**Recorded information:**
----------------
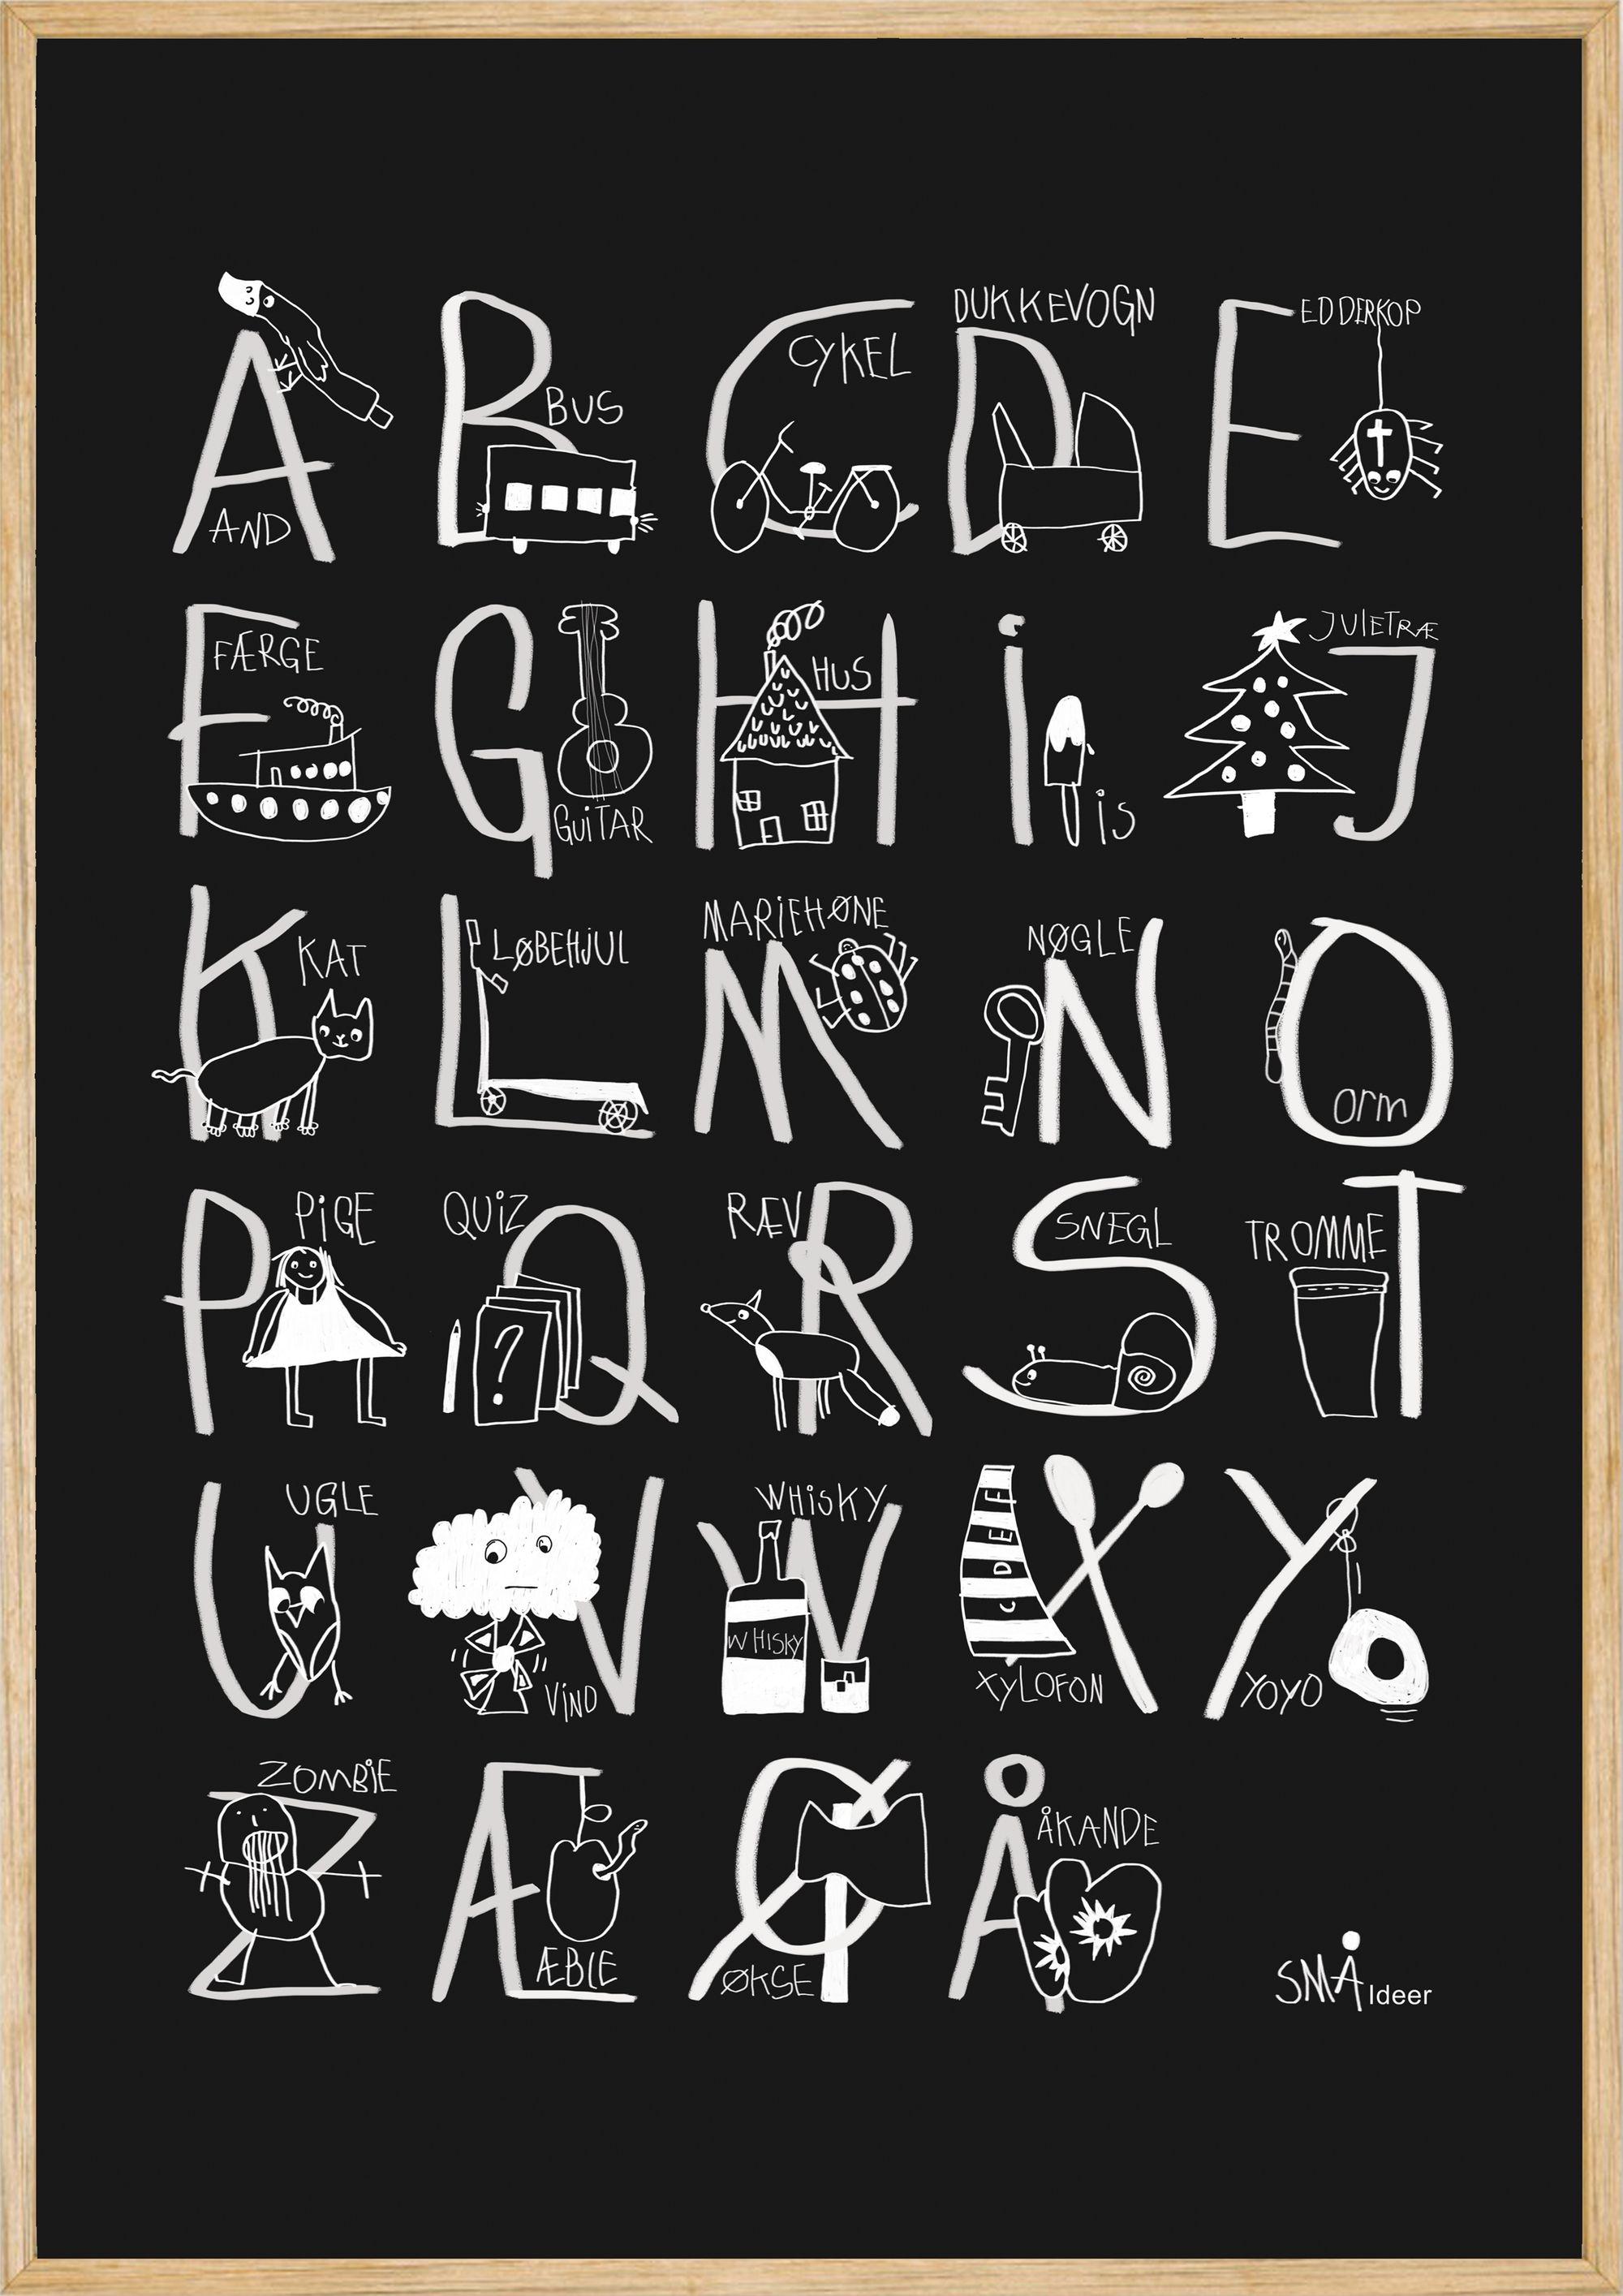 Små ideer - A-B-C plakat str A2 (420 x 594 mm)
----------------
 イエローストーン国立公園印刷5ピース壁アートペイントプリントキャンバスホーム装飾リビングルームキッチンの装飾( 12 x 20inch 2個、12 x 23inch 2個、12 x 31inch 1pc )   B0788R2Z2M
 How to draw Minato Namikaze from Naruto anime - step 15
----------------
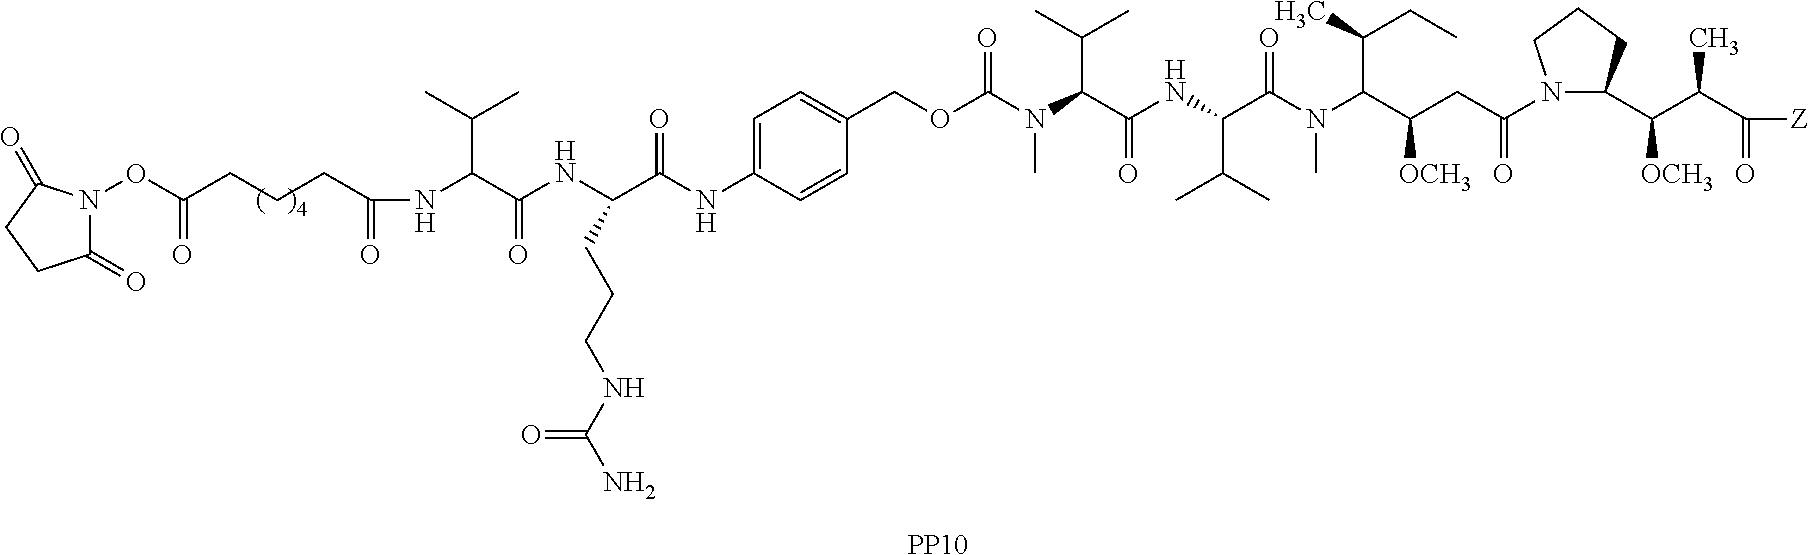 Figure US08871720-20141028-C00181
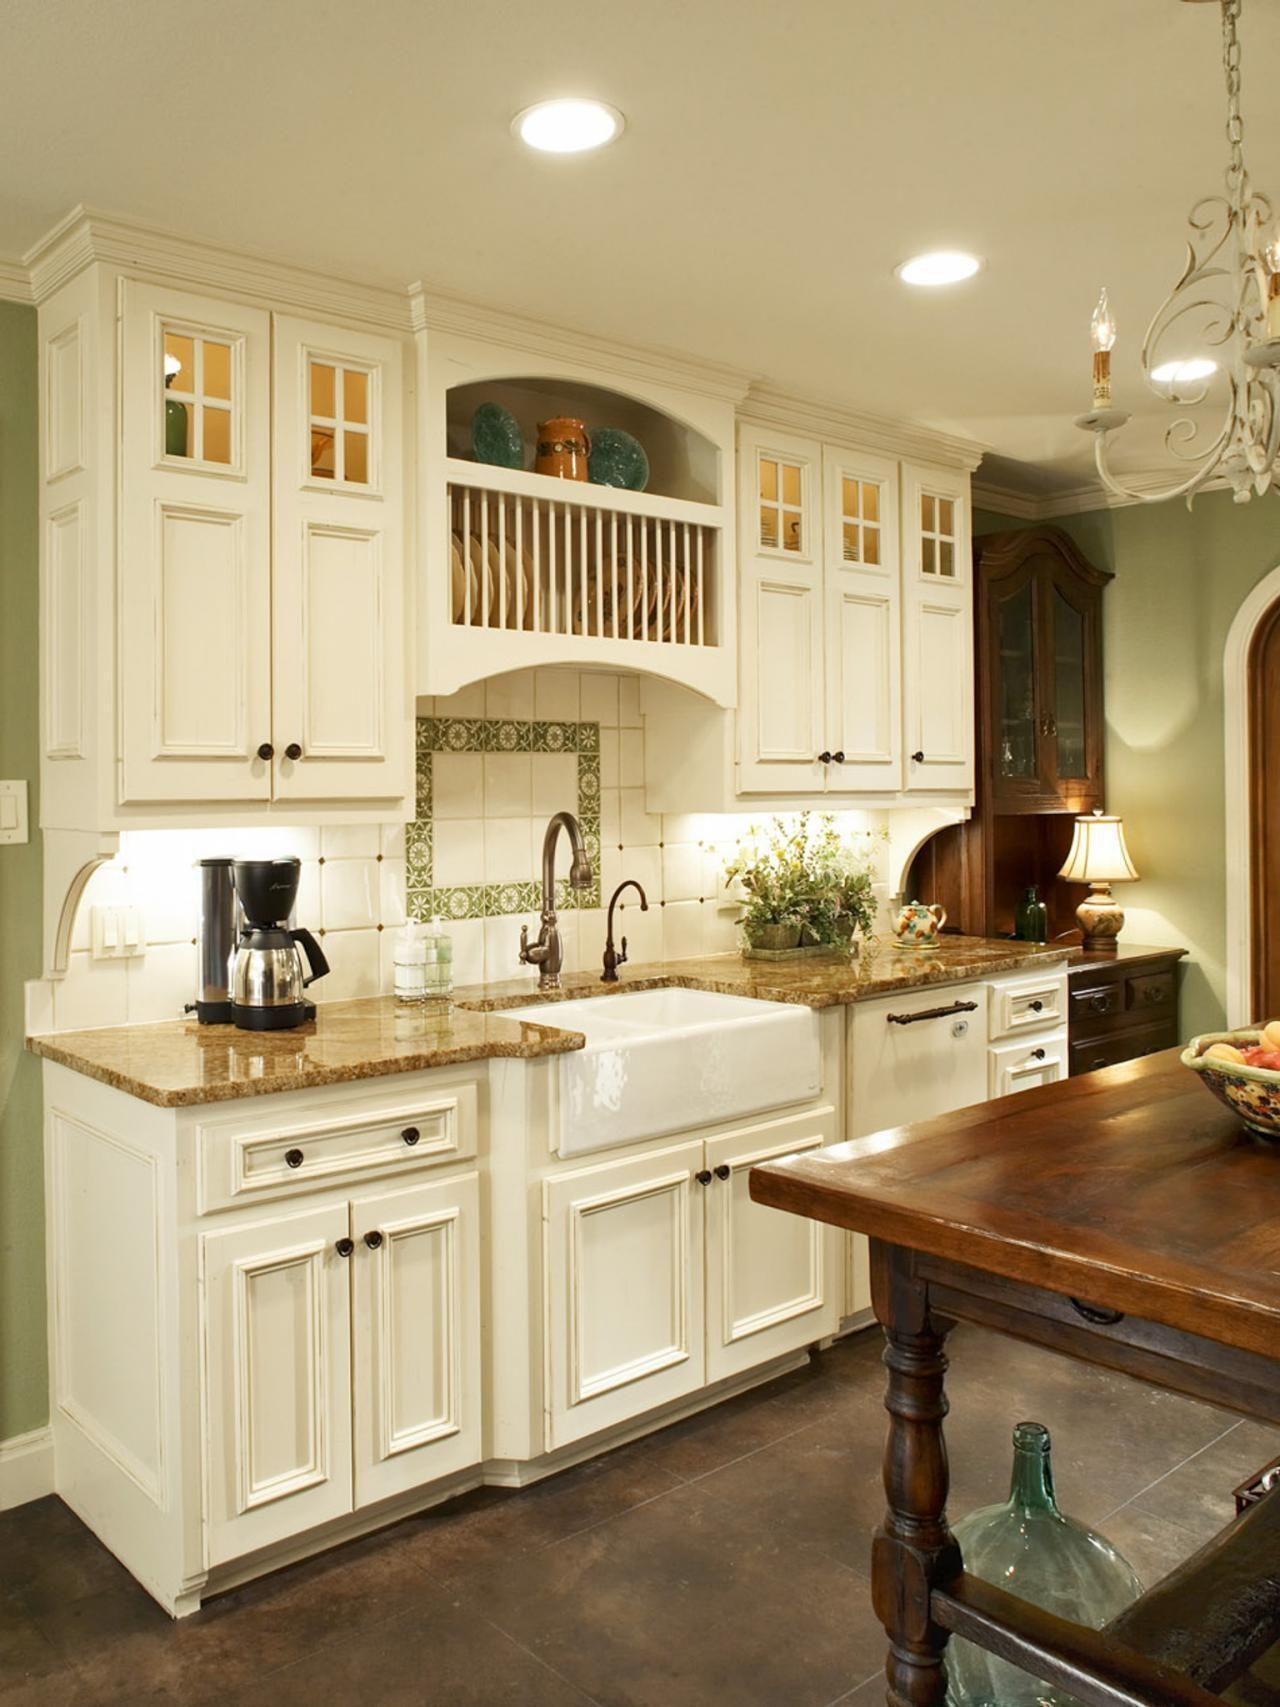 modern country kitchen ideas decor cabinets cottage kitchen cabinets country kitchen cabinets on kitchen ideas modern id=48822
----------------
**Your assignment:** Starting with the line with "イエローストーン国立公園印刷5ピース壁アートペイントプリントキャンバスホーム装飾リビングルームキッチンの装飾( 12 x" above and going on through the line with "How to draw", transcribe every line exactly, both ends included, and add nothing.

**Completed task:**
 イエローストーン国立公園印刷5ピース壁アートペイントプリントキャンバスホーム装飾リビングルームキッチンの装飾( 12 x 20inch 2個、12 x 23inch 2個、12 x 31inch 1pc )   B0788R2Z2M
 How to draw Minato Namikaze from Naruto anime - step 15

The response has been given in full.